--- Input data ---
☆ ☆ ☆ ☆ ☆

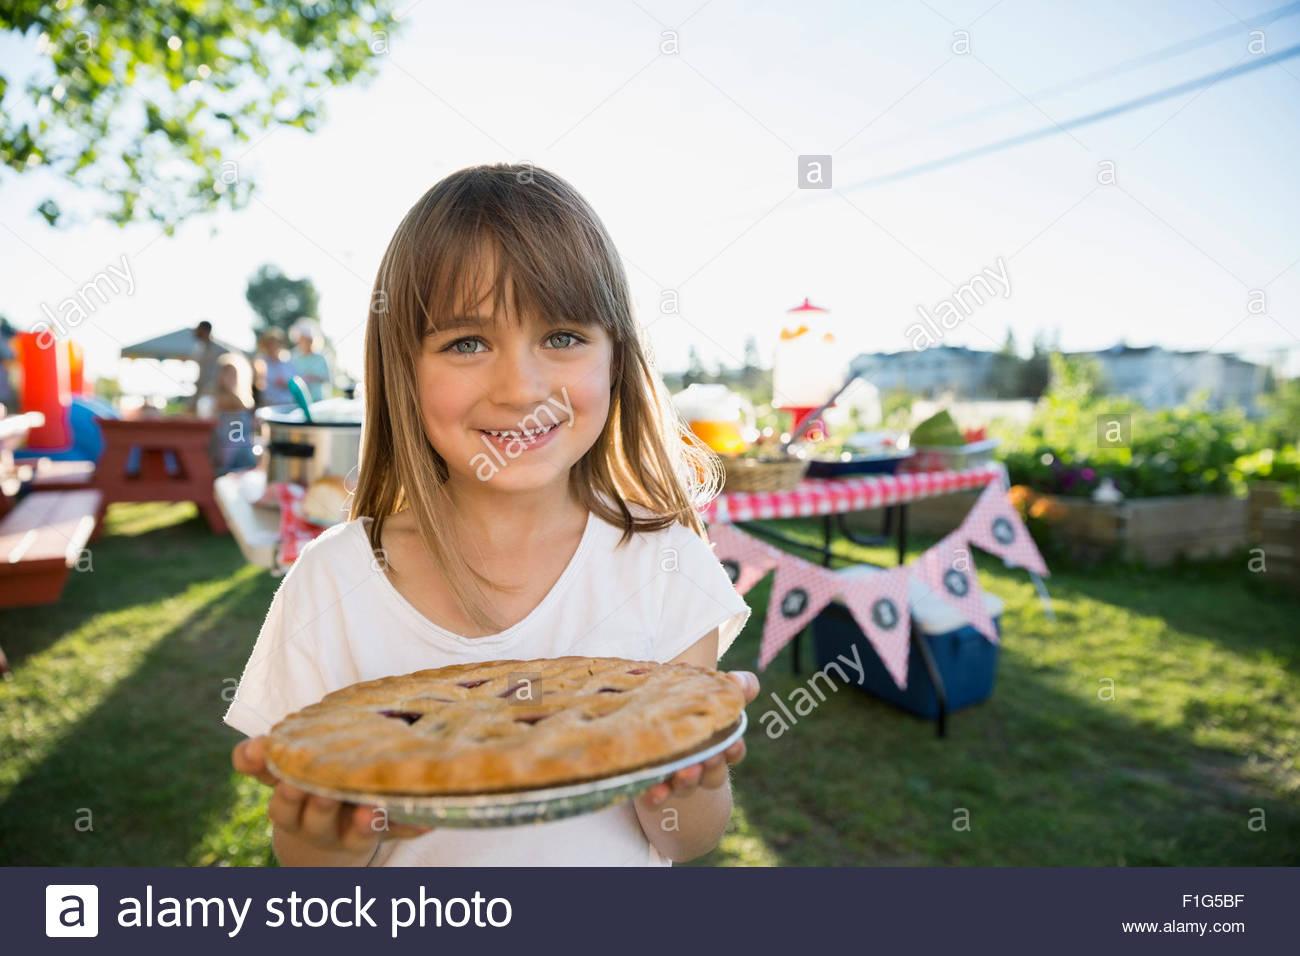 Porträt, lächelndes Mädchen halten frisch gebackenen Kuchen park Stockbild
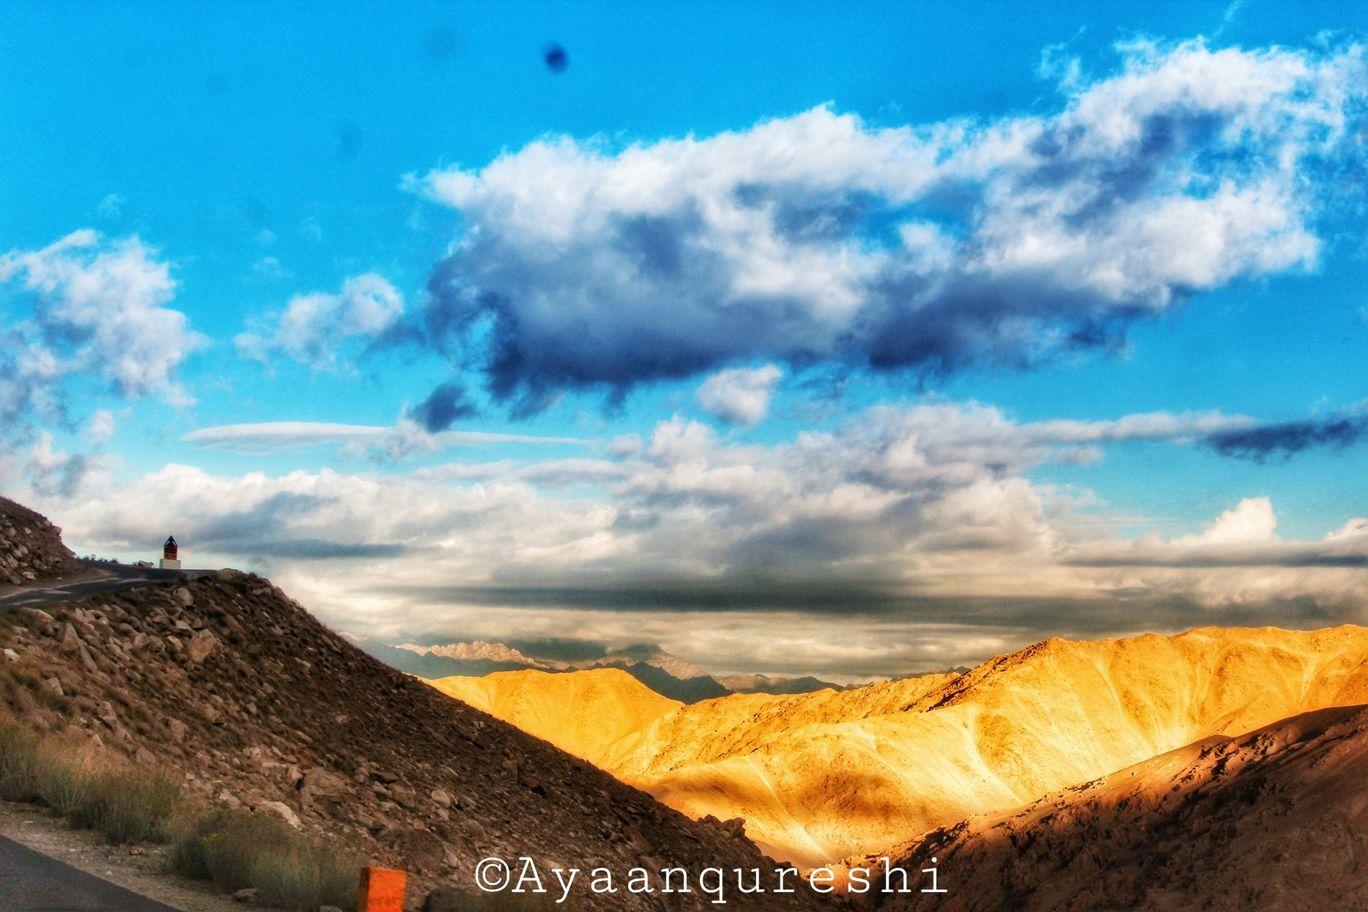 Photo of Pangong Lake By AyaAn Qureshi
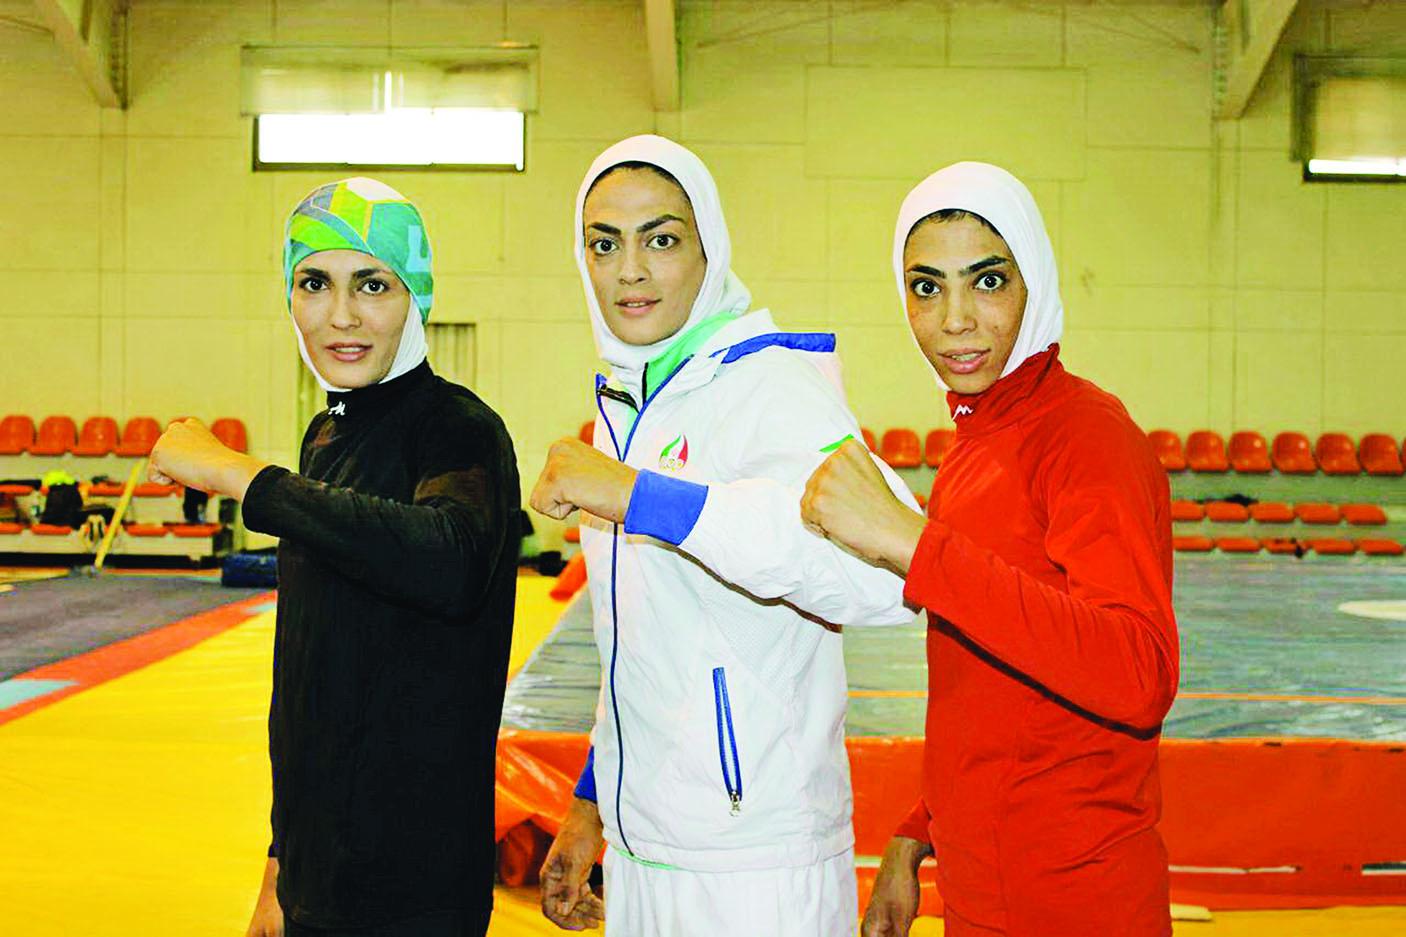 زندگی خواهران منصوریان روی پرده سینما
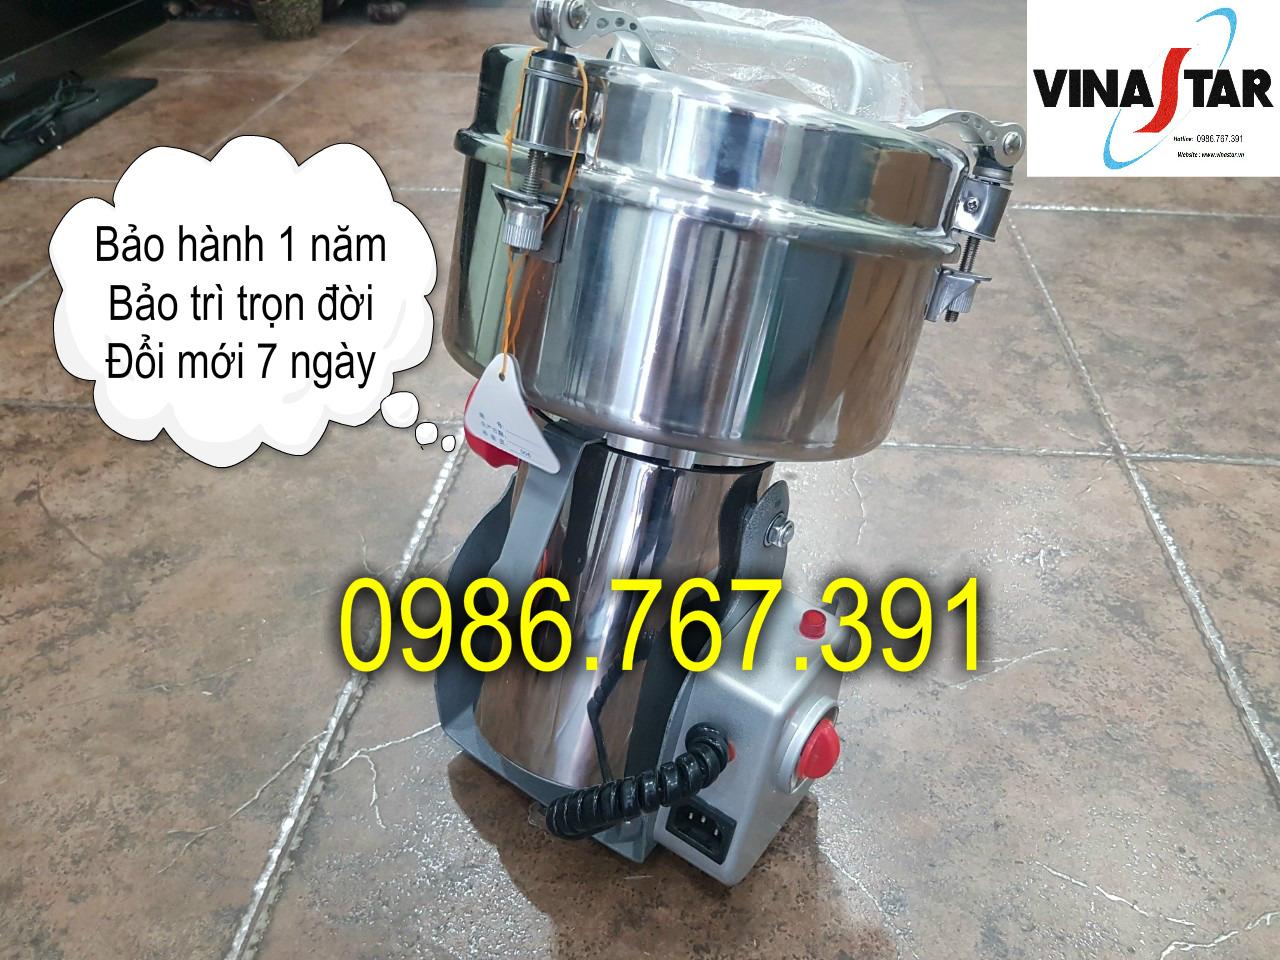 pizap.com15659231741455.jpg

☆ ☆ ☆ ☆ ☆

--- Problem to work on ---
Please restate all of the listing above word for word, with no pictures.

--- Output below ---
 Porträt, lächelndes Mädchen halten frisch gebackenen Kuchen park Stockbild
 Photo of Pangong Lake By AyaAn Qureshi
 زندگی خواهران منصوریان روی پرده سینما
 pizap.com15659231741455.jpg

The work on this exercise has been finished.